Neil Andrew Robert Gow (born 30 November 1957) is a British microbiologist who is a professor of microbiology and deputy vice chancellor at the University of Exeter. Previously he served at the University of Aberdeen for 38 years and retains an honorary chair there.

==Education==
Gow was educated Madras College and Perth Academy. He studied at the University of Edinburgh and the University of Aberdeen where he was awarded a PhD in 1982 for research on the pathogenic fungus Candida albicans supervised by Graham Gooday.

==Research and career==
Gow's research career has been in the field of fungal biology and medical mycology. He is known for his discoveries in fungal biology and genetics, morphogenesis and pathogenesis. His studies of how the cell walls of fungal pathogenic species is assembled, responds to antifungal antibiotics and is recognised by the human immune system directly impacts on the design and use of antifungal drugs, diagnostics and immunotherapies for fungal diseases.

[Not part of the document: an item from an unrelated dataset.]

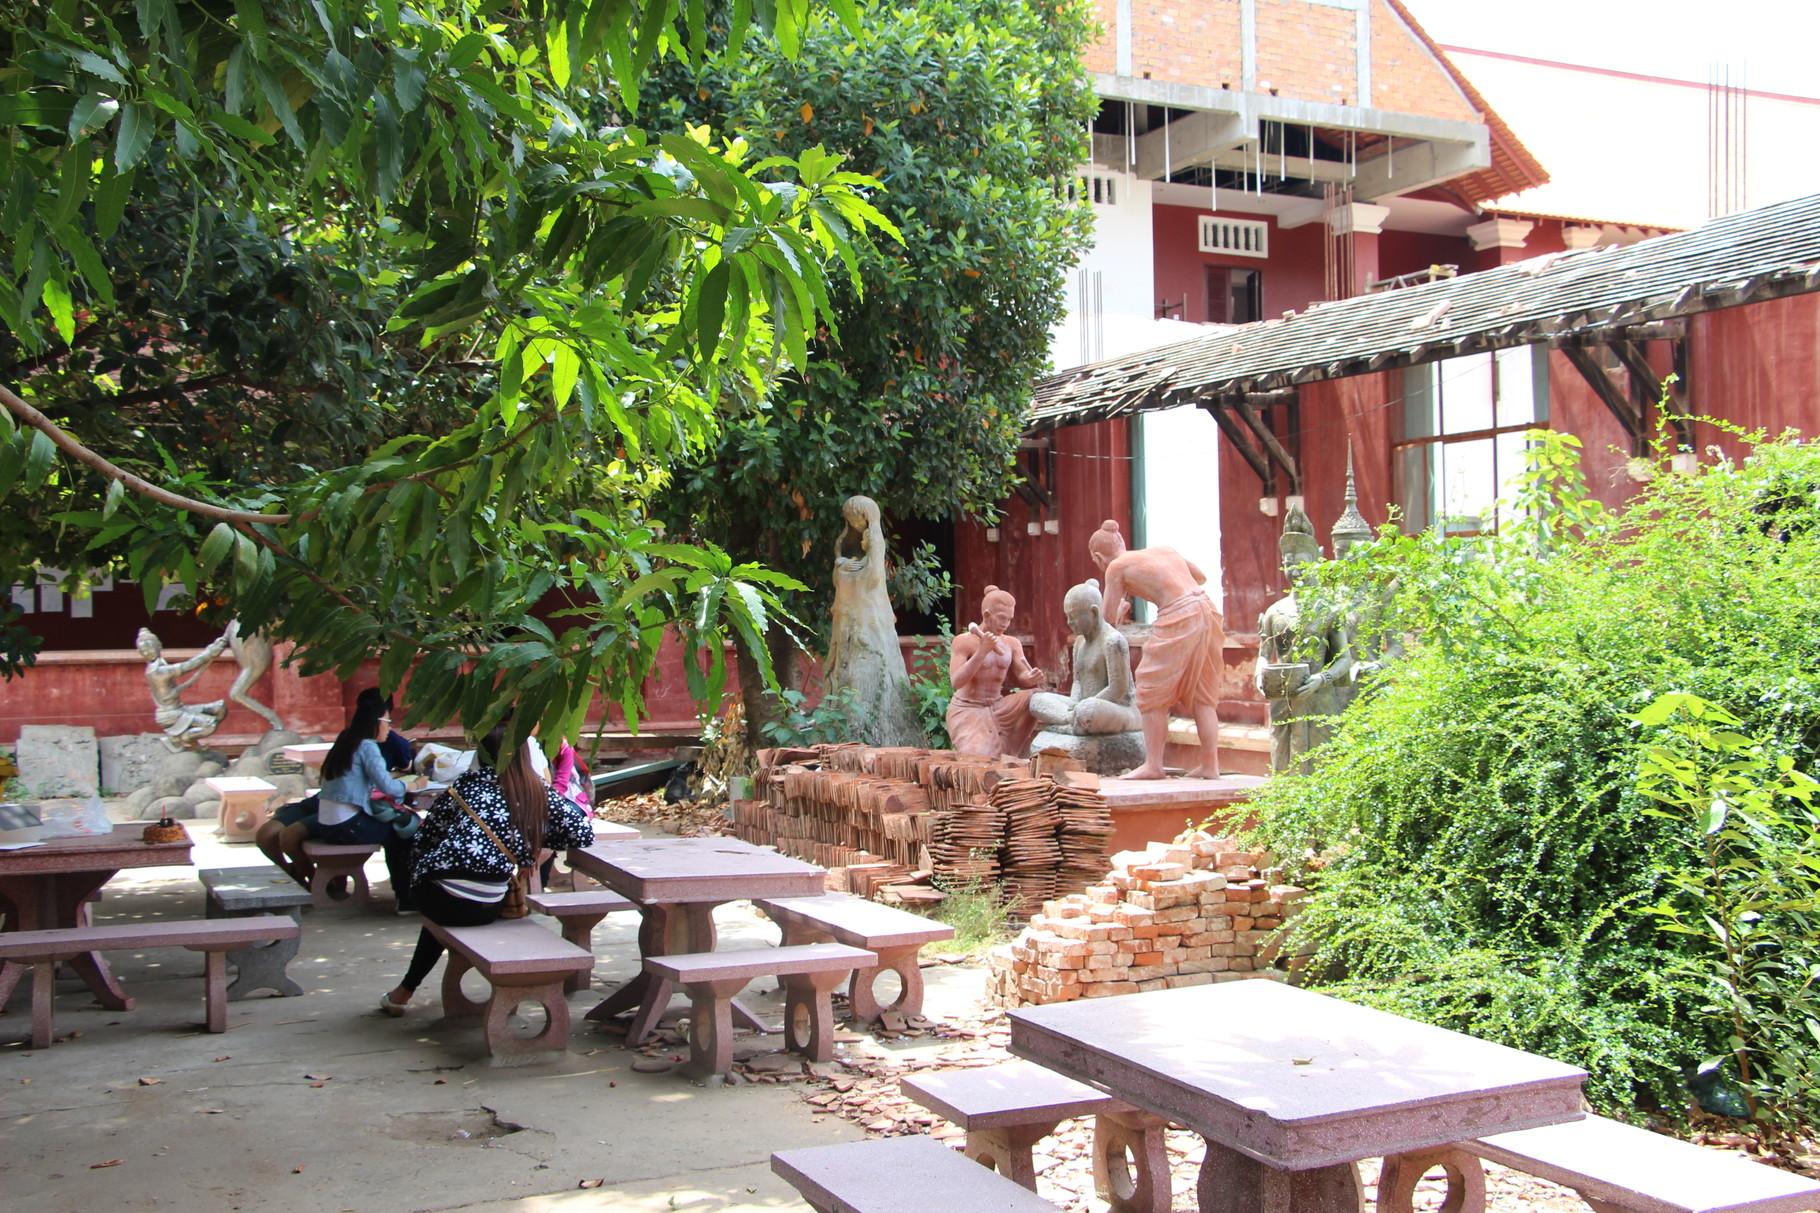 Bibliothèque en cours de rénovation et travaux d'étudiants. Photo prise par Jenna Martin.
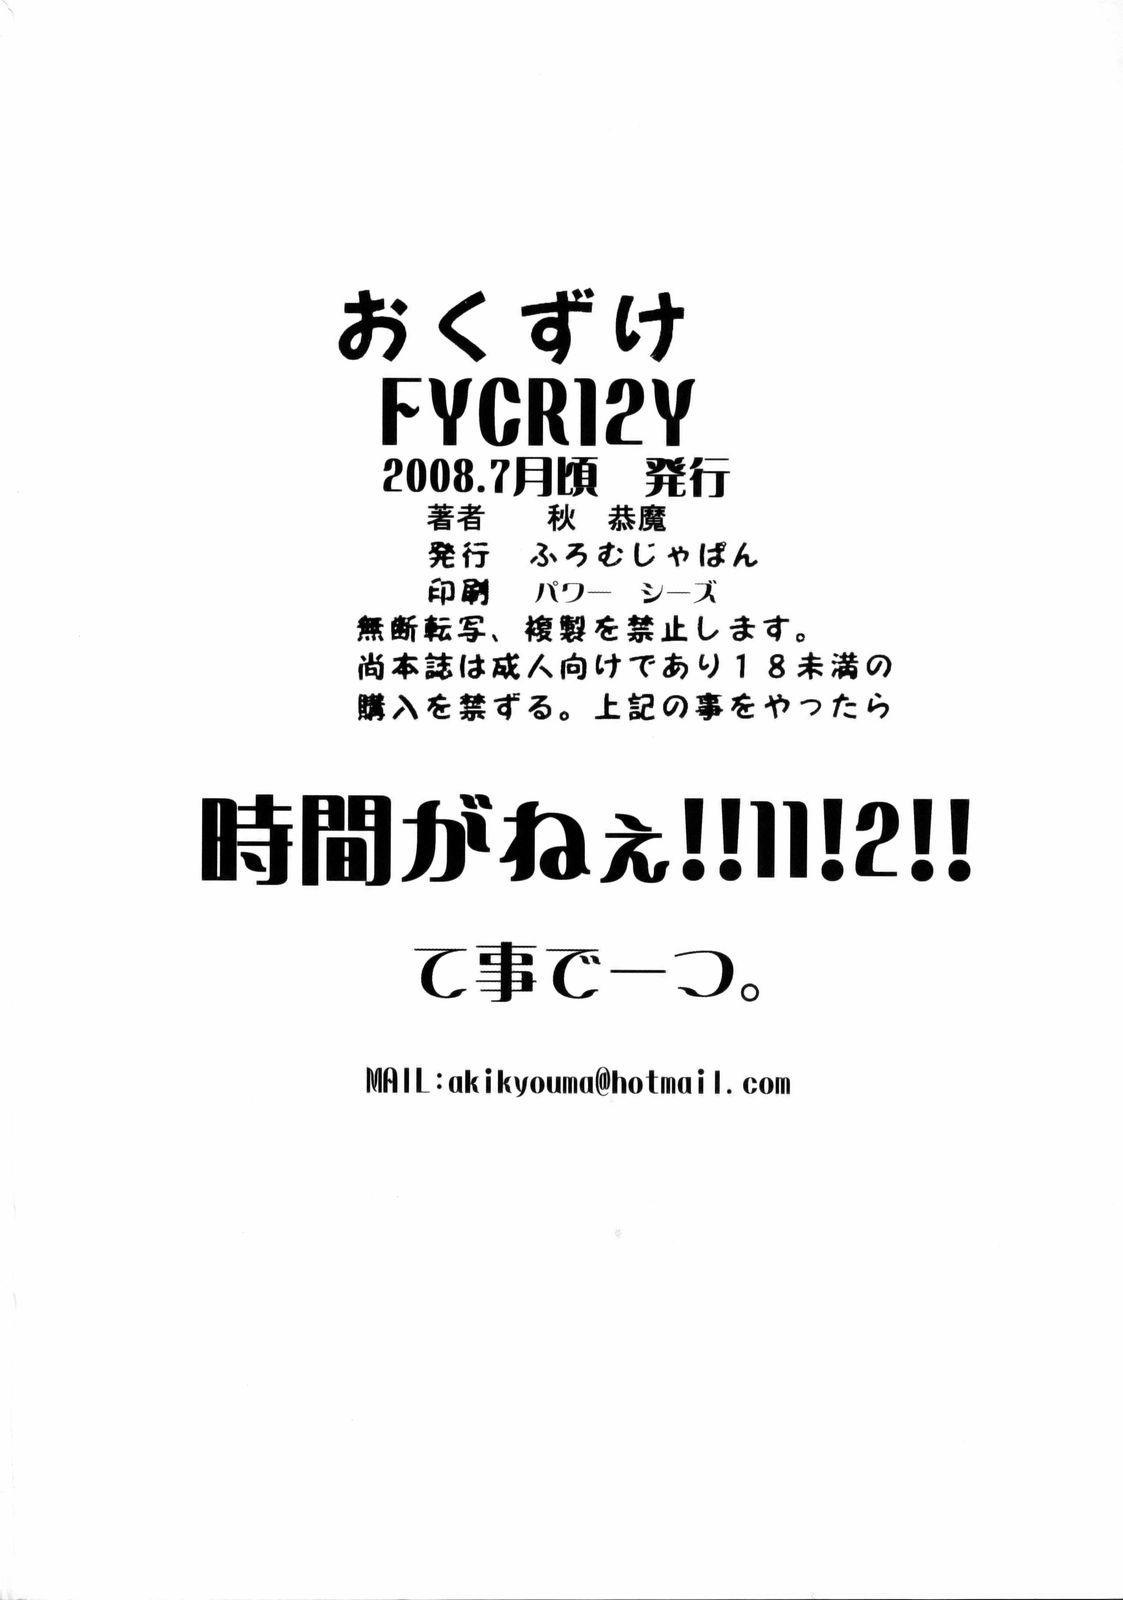 FYC R12Y 64

After his PhD, Gow worked in Denver before returning to Aberdeen, where he has developed a team that has recently become a Medical Research Council (MRC) Centre for Medical Mycology and is one of the largest centres in this field worldwide. He has helped co-ordinate UK training and research in medical mycology and has acted as President of the British Mycological Society, the International Society for Human and Animal Mycology (ISHAM) and the Microbiology Society.

===Awards and honours===
Gow has received several awards for his research, he was elected a Fellow of the Academy of Medical Sciences (FMedSci) in 2015, the Royal Society of Edinburgh (FRSE) in 2001 and the American Academy of Microbiology. He was elected a Fellow of the Royal Society (FRS) in 2016 and a Fellow of the Royal Society of Biology (FRSB).